── Given data ──
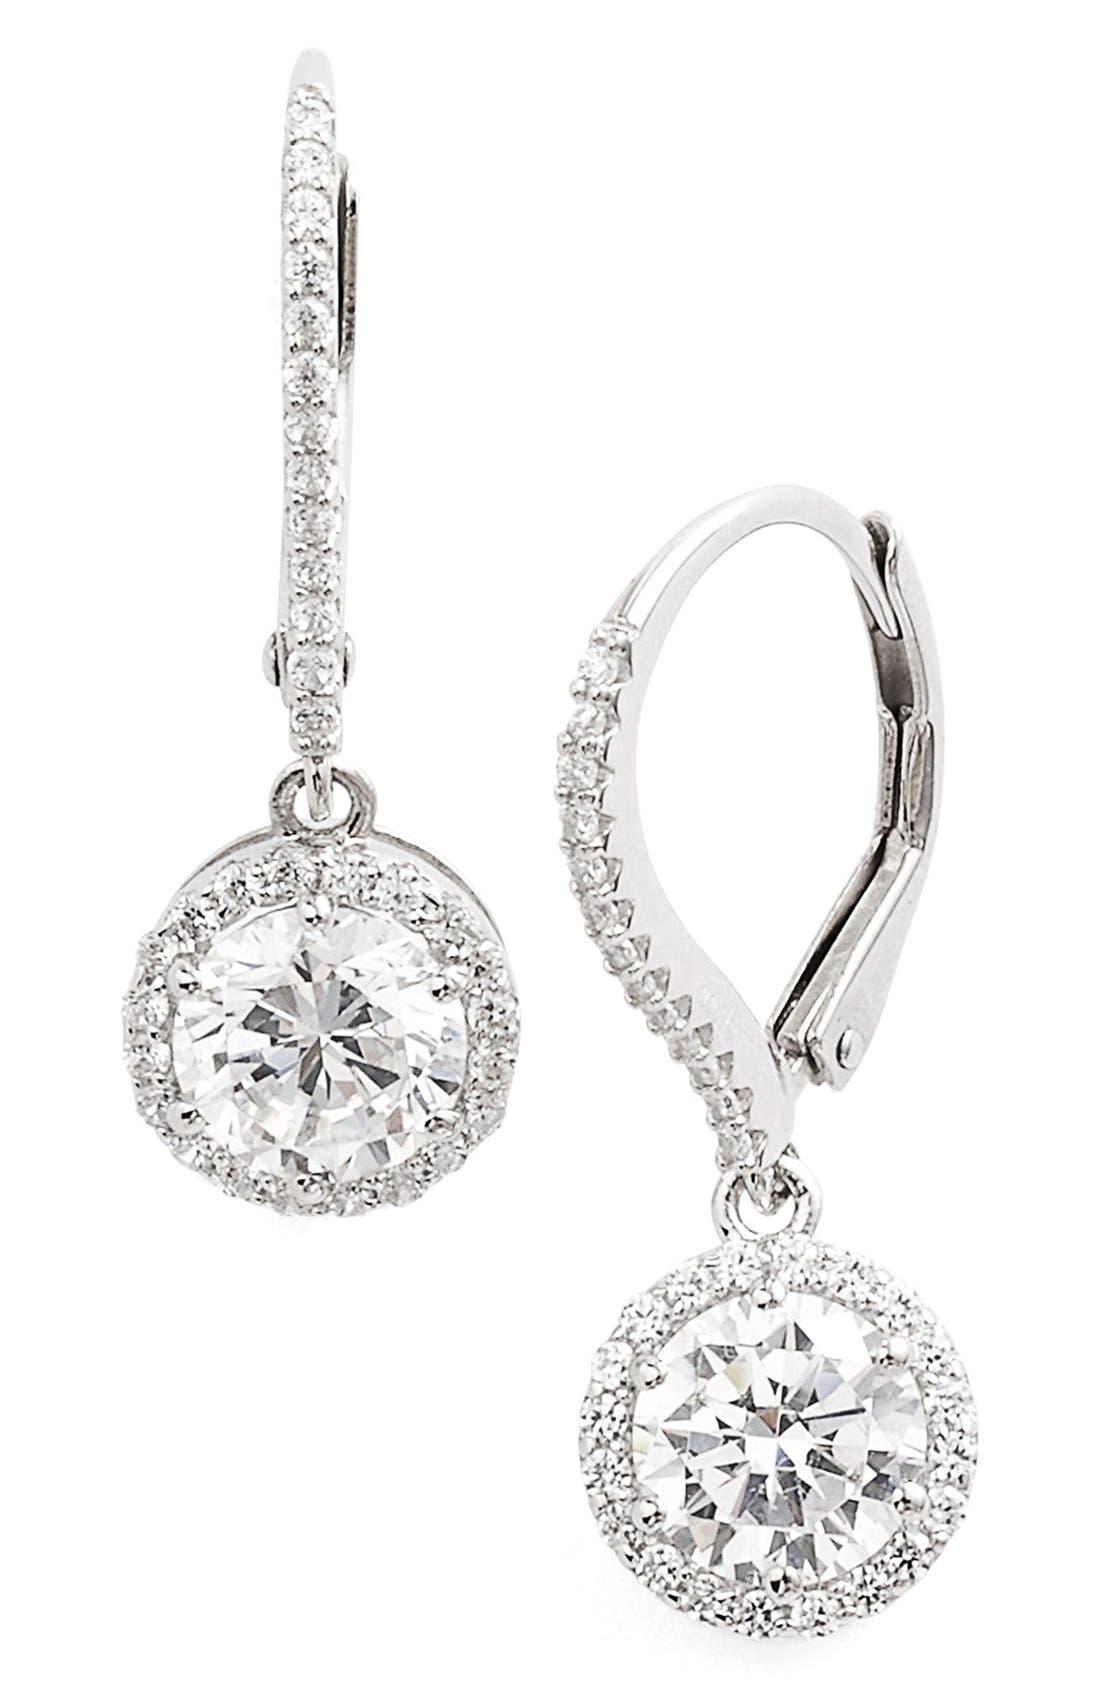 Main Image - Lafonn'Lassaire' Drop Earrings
───
── Given data ──
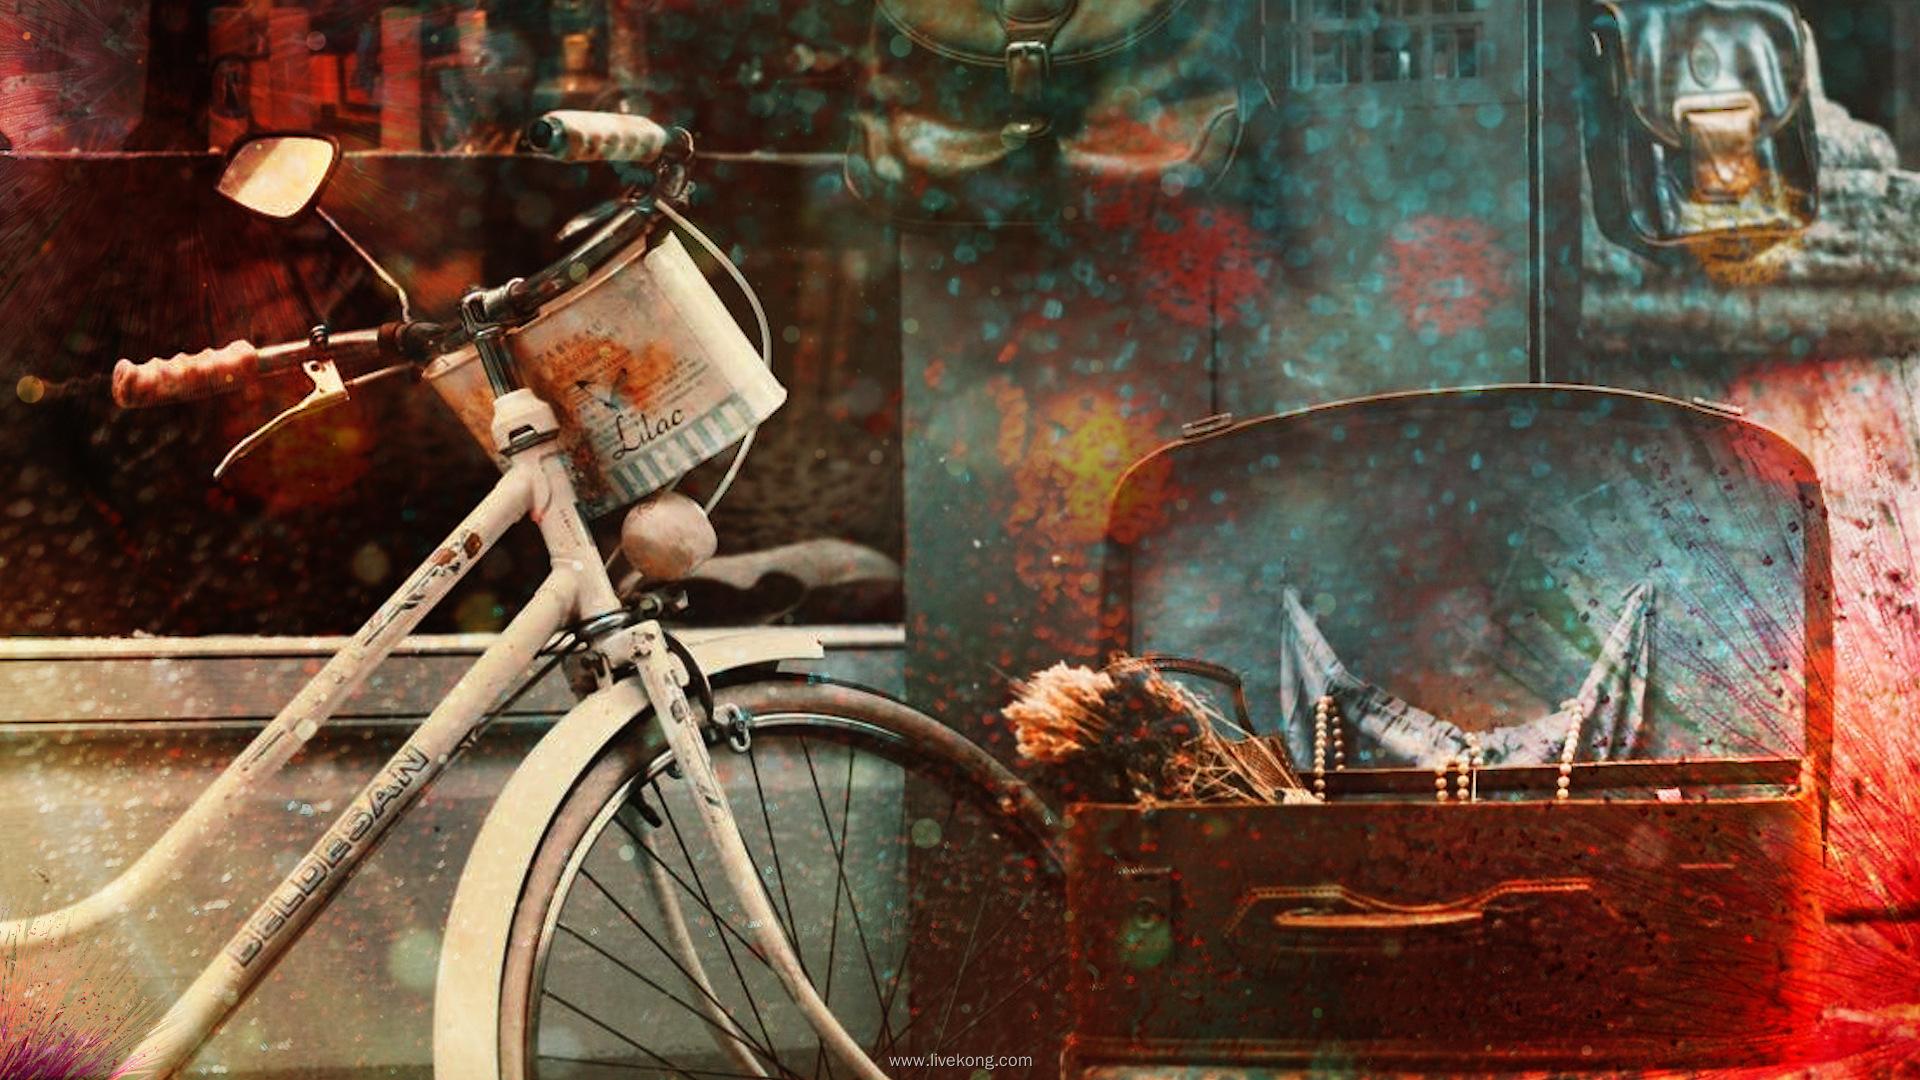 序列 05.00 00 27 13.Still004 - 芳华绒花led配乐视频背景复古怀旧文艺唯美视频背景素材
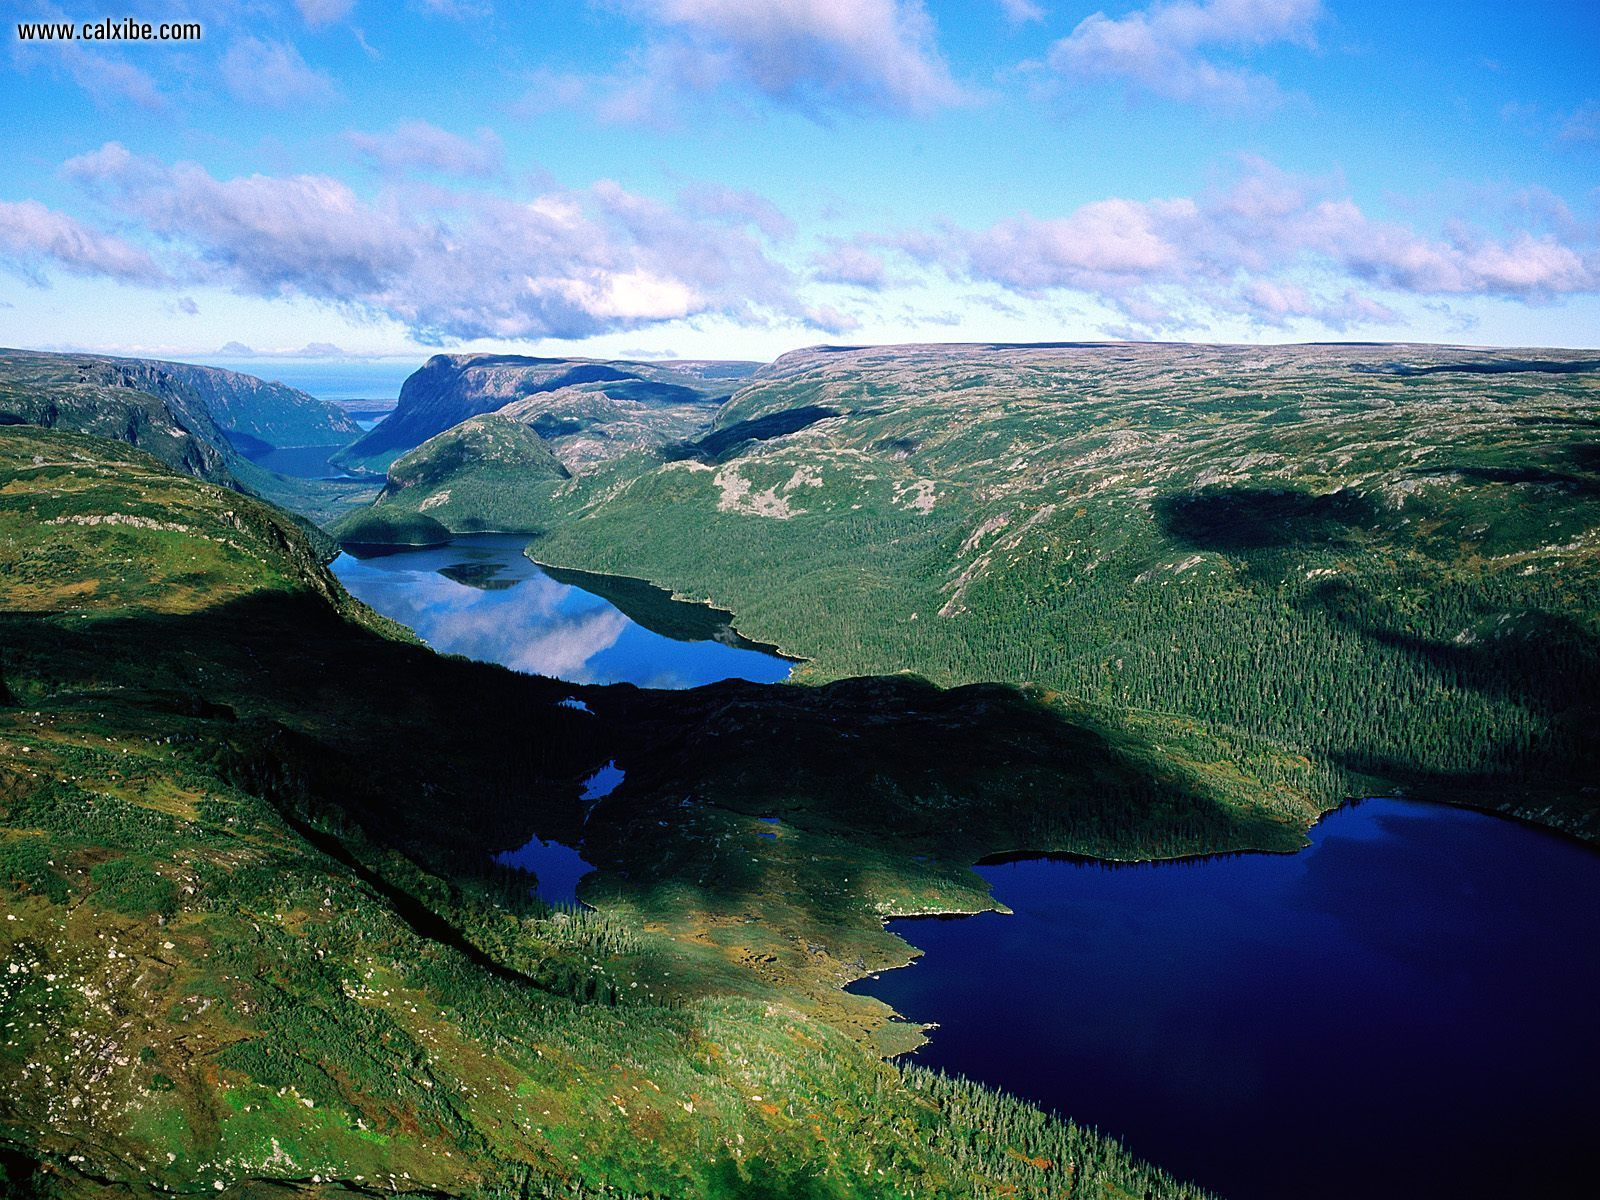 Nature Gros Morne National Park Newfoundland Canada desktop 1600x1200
───
── Given data ──
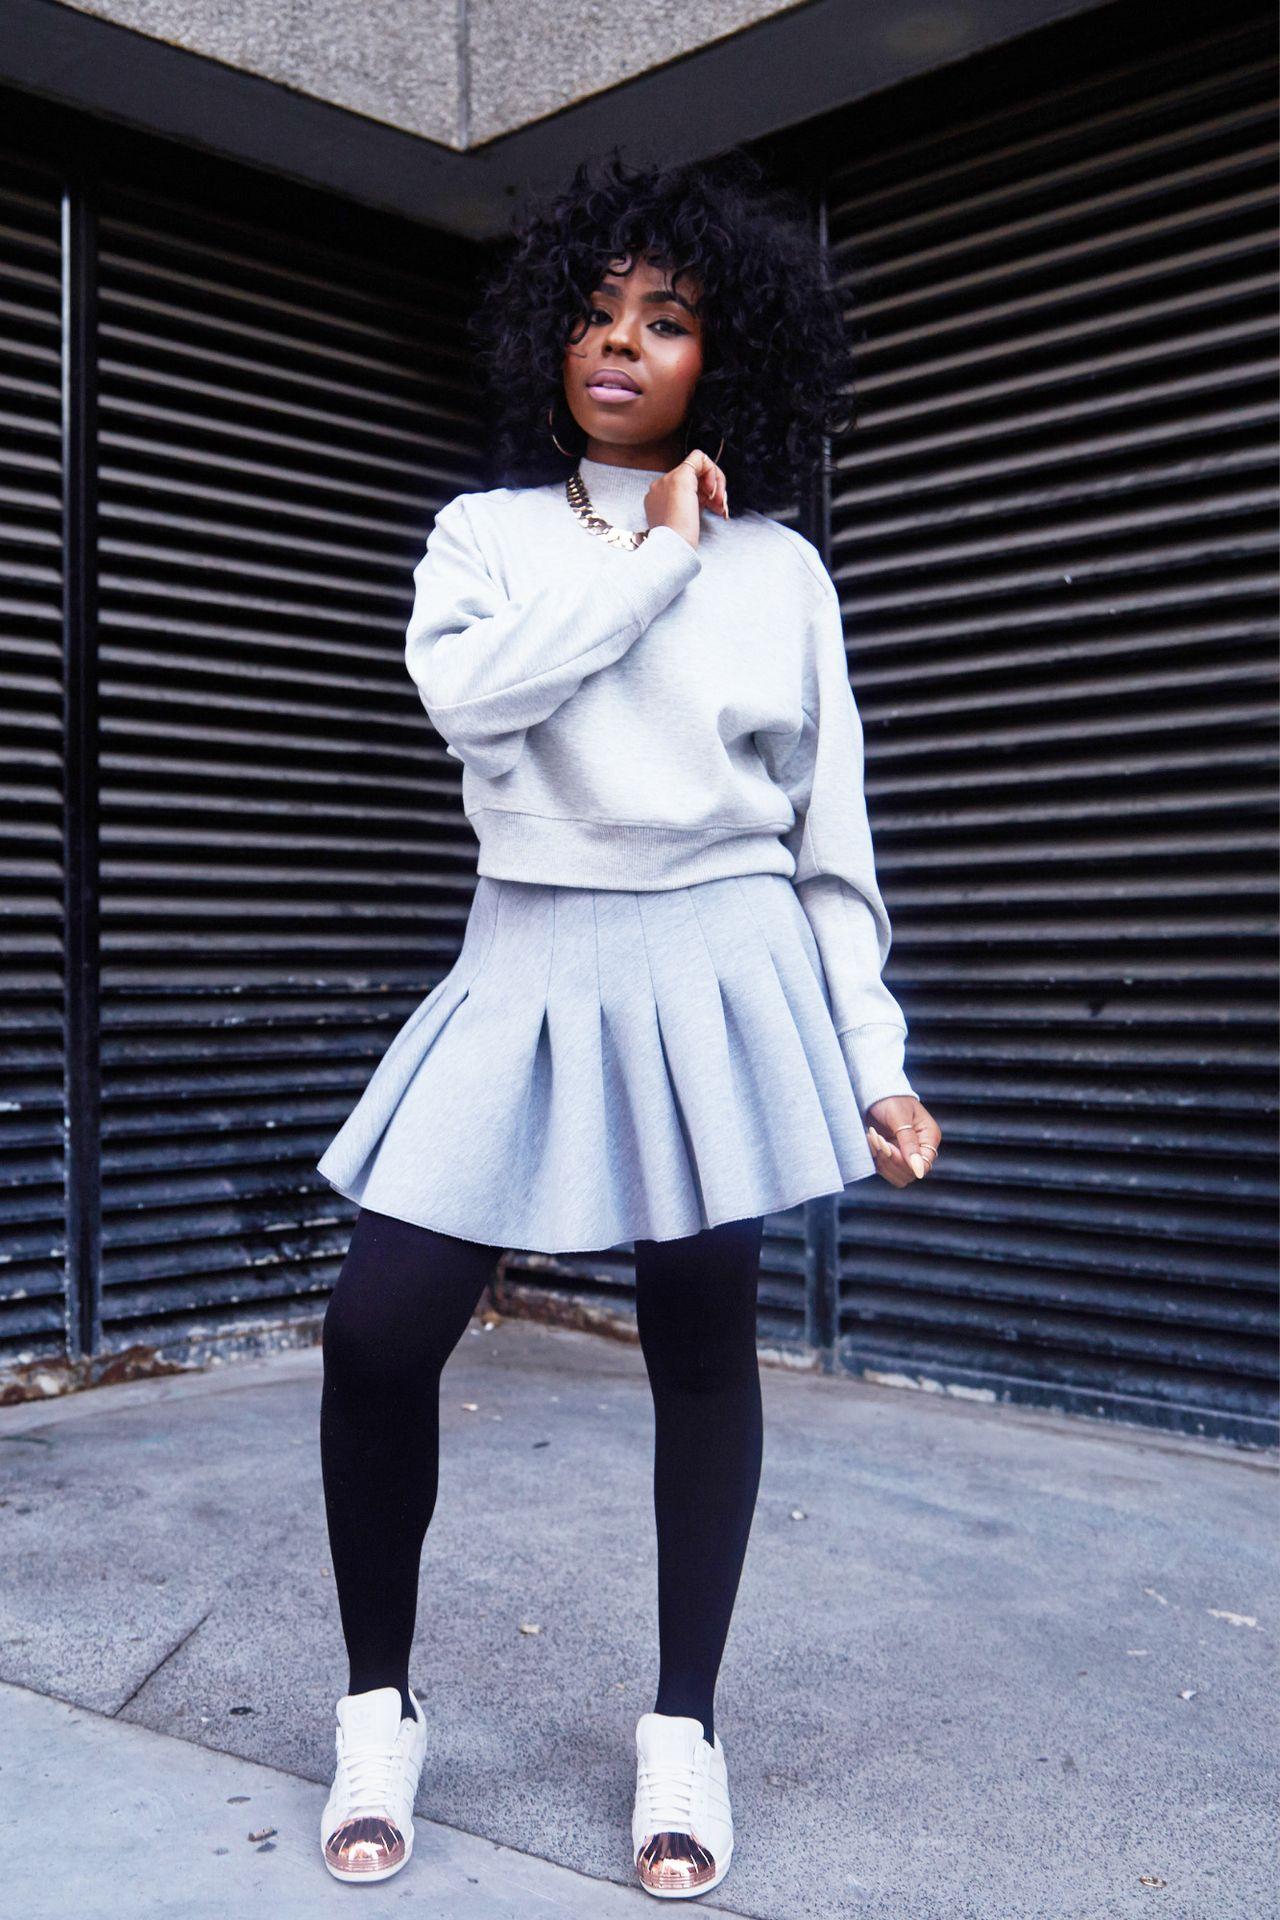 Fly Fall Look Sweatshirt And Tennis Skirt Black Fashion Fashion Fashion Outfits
───
# Task
Which part of the entries opens with the line containing "序列 05.00 00" and closes with the line containing "Nature Gros Morne"? Output that part exactly, ends included, pictures excluded.

# Solution to this problem
 序列 05.00 00 27 13.Still004 - 芳华绒花led配乐视频背景复古怀旧文艺唯美视频背景素材
 Nature Gros Morne National Park Newfoundland Canada desktop 1600x1200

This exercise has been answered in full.